Two prominent pain points in dealing with typenames and resolving them are:
-
the need to call
assembly-load
or related functions to load assemblies before types in them can be resolved, when the assemblies of interest could be automatically discovered and loaded. -
the need to use fully namespace-qualifed names, explicit number of generic parameter counts, and other syntactic burdens when referring to types.
The first is self-explanatory. For the second, a poster child of the problem is
|System.Collections.Generic.Dictionary`2[System.String,System.Collections.Generic.List`1[System.Int64]]|
- Why must we write
System.Int64
instead of justint
? - Why must we write
System.String
instead of justString
? We can just writeString
when used direclty as a type hint. Why not here? - Why must we write
Dictionary`2
instead of justDictionary
? We have the context to infer the arity of the generic type definition.
One has to make direct reference by name to underlying platform types in various places in Clojure(JVM or CLR) code.
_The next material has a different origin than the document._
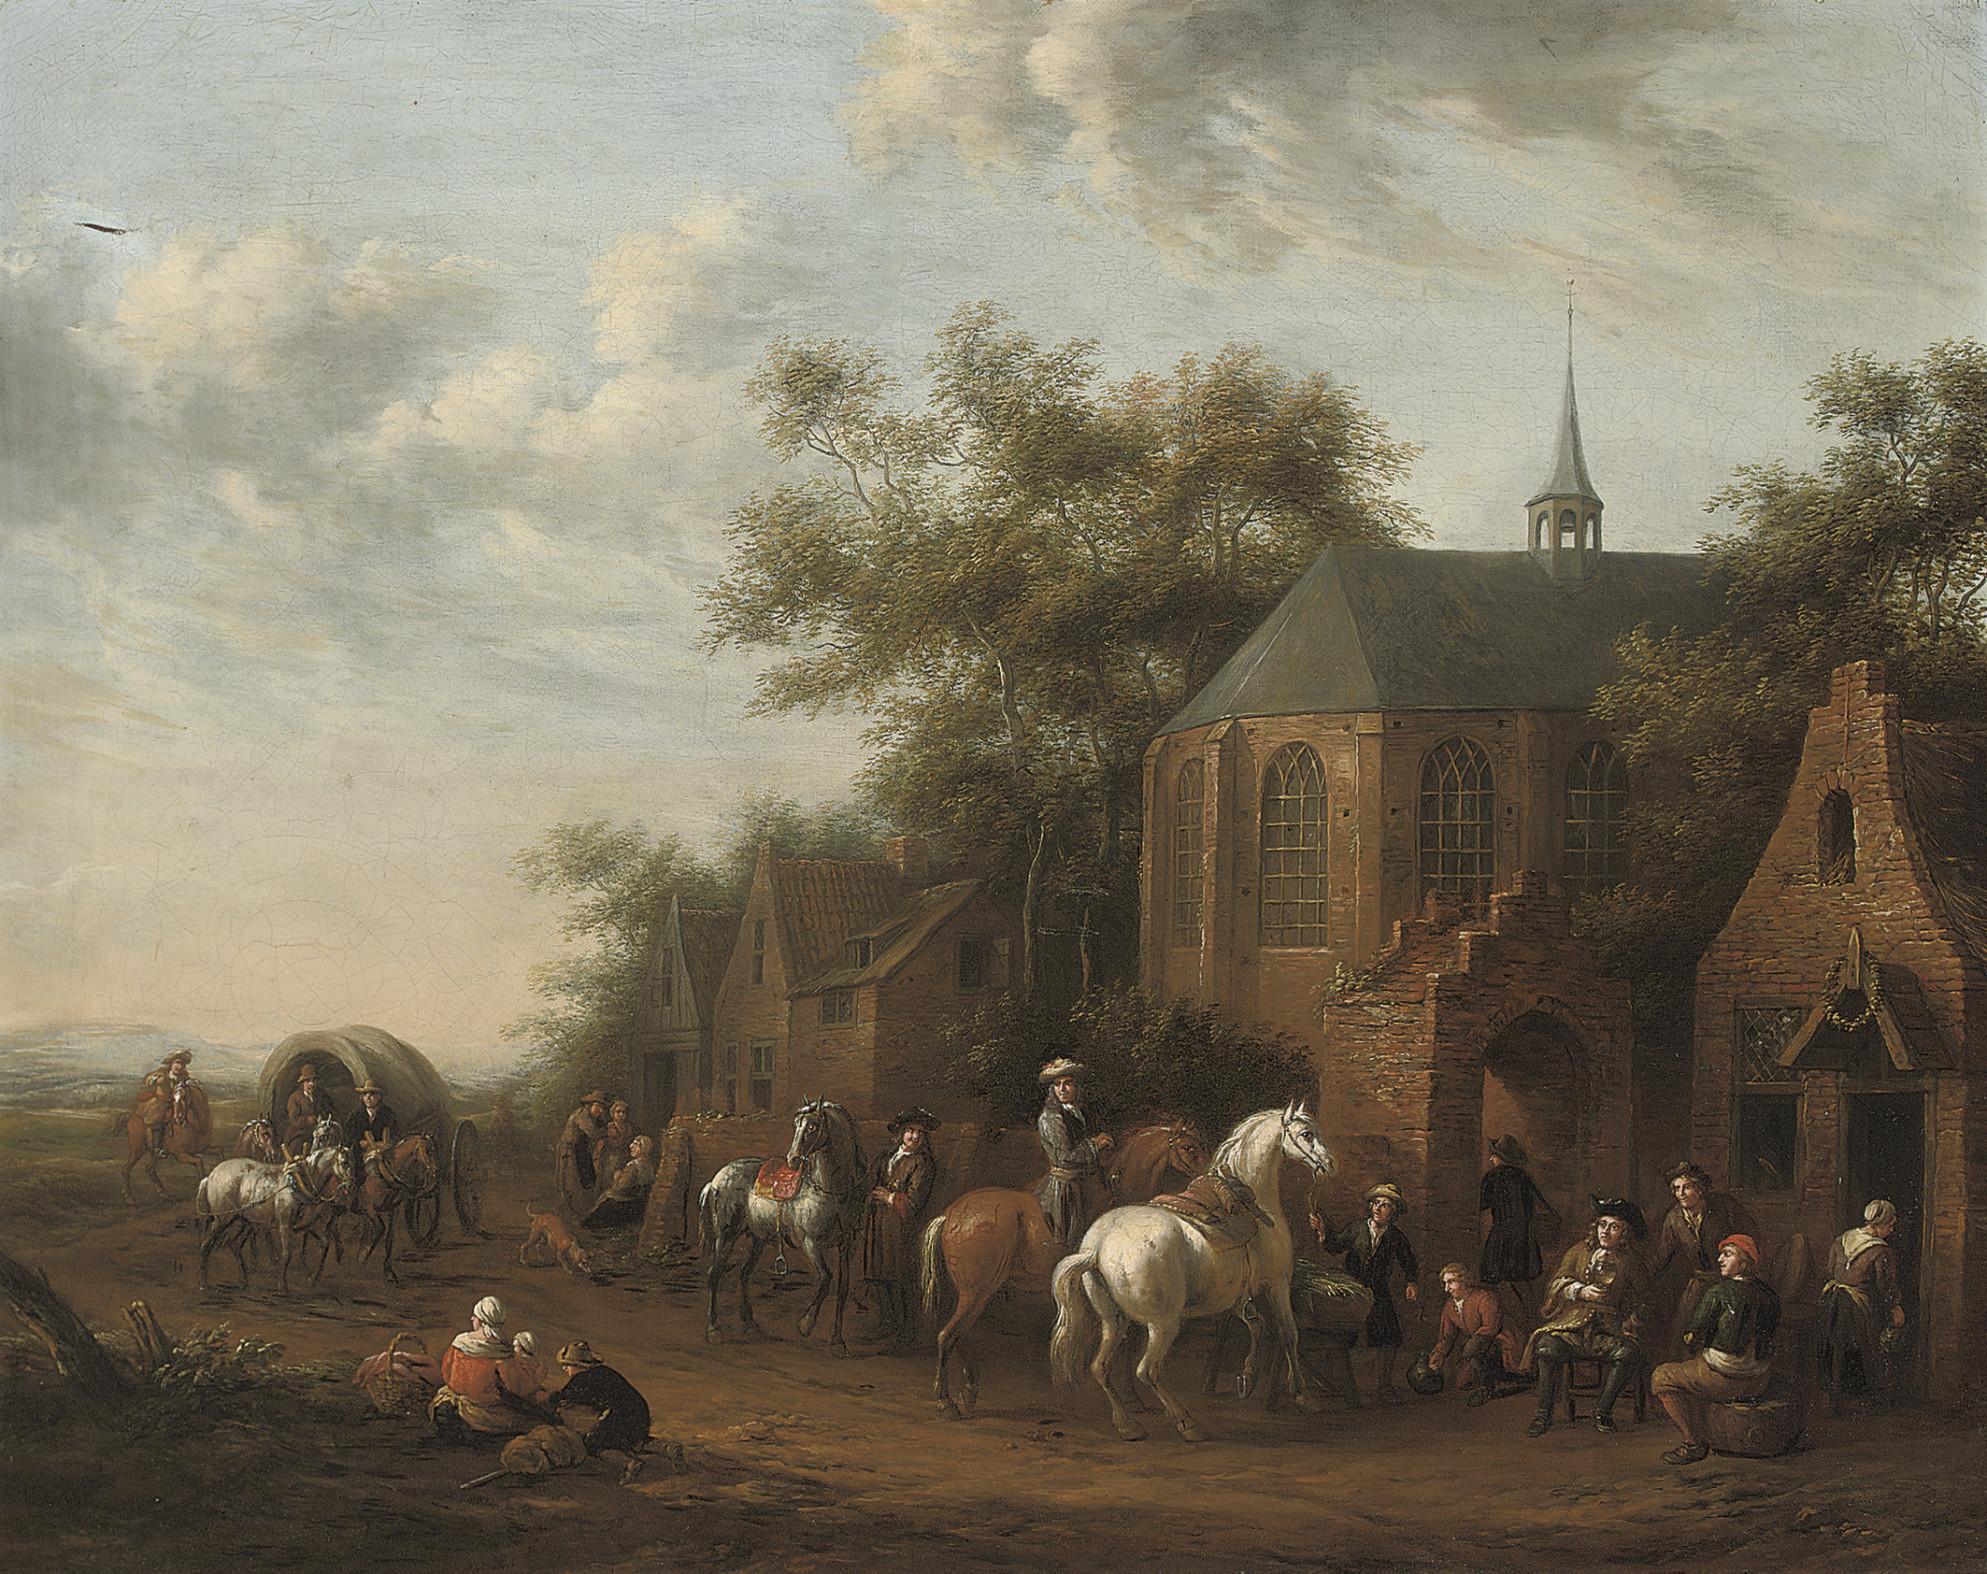 Figures on horseback at rest by an inn

Type hints to avoid reflection are one example. There are some places where a string can be used instead of a symbol to refer to a type, but often a symbol must be used. Which presented a problem for ClojureCLR given the complexity of CLR types.
For a variety of reasons, I decided to use the syntax of fully-qualified type names used by the CLR itself. This is the syntax used by methods such as Type.GetType()
and Assembly.GetType()
.
A detailed specfication for fully qualified type names can be found here: Specify fully qualified type names. You might also want to take a peek at Type.AssemblyQualifiedName Property. I’ll have occasion to look at a few of the its more obscure details later.
A non-trivial problem with that choice; the syntax uses characters such as backquotes, commas and square brackets that are not valid in Clojure symbols. So I had to come up with a way to write a symbol using characters that the Lisp reader would not normally accept. (Any alternative syntax likely would have had the same problem.)
Other Lisps have solutions to this problem. I decided to use a simplified version of the symbol syntax used in CommonLisp. This is the |
-quotiing used by the Clojure Lisp reader. Read about it in Reader extension: |
-quoting.
Thus we end up with the aforementioned
|System.Collections.Generic.Dictionary`2[System.String,System.Collections.Generic.List`1[System.Int64]]|
The type resolution code in ClojureCLR passes the name of this symbol directly to methods such as Type.GetType()
and Assembly.GetType()
.
Unfortunately, this syntax is not very pleasant to write.
Aliases in the before world
Why not just use import
and ns
declarations to define type aliases?
Namespaces already supply a mechanism for mapping symbols to types.
Namespaces are mappings from simple (unqualified) symbols to Vars and/or Classes. Vars can be interned in a namespace, using def or any of its variants, in which case they have a simple symbol for a name and a reference to their containing namespace, and the namespace maps that symbol to the same var. A namespace can also contain mappings from symbols to vars interned in other namespaces by using refer or use, or from symbols to Class objects by using import. [ Emphasis mine. Reference: Namespaces ]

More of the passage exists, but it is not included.